Breast Implant Malposition - Implants Too Medial (Symmastia)
The rarest, and at times the most difficult malposition, occurs when the implants are too close together. In its most severe form, the two breast can become one. This is termed symmastia in the plastic surgery literature and uni-boob or bread-loafing in the lay press. Symmastia can cause the skin between the breasts to lift. This gives the appearance of one large breast. Like the other malpositions, symmastia can result from the formation of a breast pockets which is are too close together (or even meet in the middle), or it can be from pockets that were formed correctly, but the implant pushes it way medially. The shape of the ribs can contribute, such as in cases of pectus excavatum. Breast implant selection also can contribute to the formation of symmastia, The bigger the breast implant and the higher the breast implant profile the easier it is for the implant to lift the central chest's skin and form symmastia.

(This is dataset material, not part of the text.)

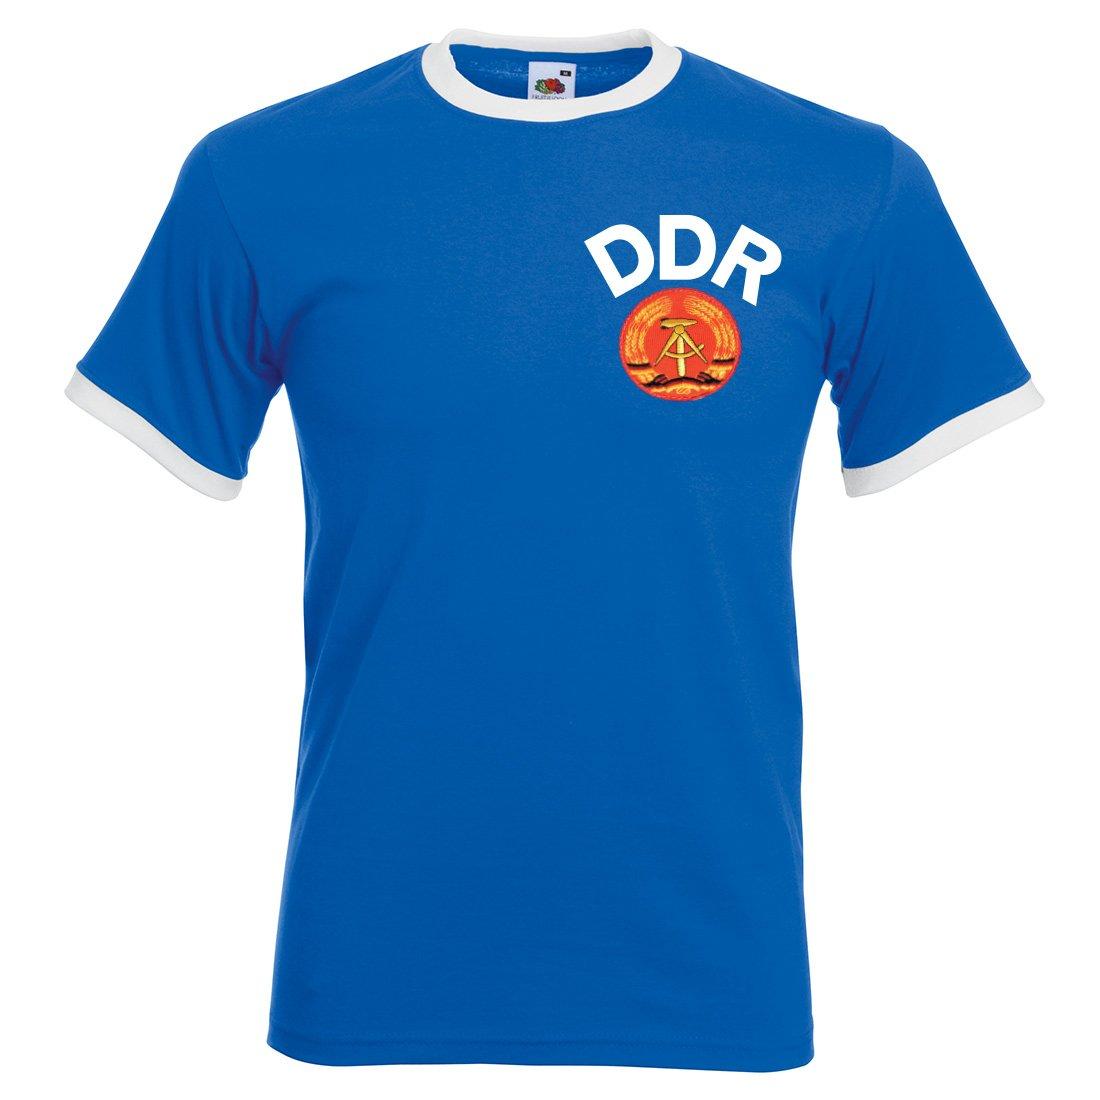 Camiseta de fúbtol para hombre, estilo retro, de la DDR (Alemania del este) multicolor Royal Blue and White Small: Amazon.es: Ropa y accesorios

Treatment of medial malposition (symmastia) shortly after surgery may include:
- Avoiding breast compression.
- Thong bra
Treatment of medial malposition (symmastia) that is not responsive to the above:
- Breast augmentation revision surgery to repair the attachments at the edge of the sternum. Sometimes the capsule is sufficient for repair, sometimes a neosubpectoral pocket is formed, sometimes ADM's are needed.
- Downsizing - Sometimes smaller breast implants are needed to maintain the ideal position and decrease the risk of recurrent symmastia.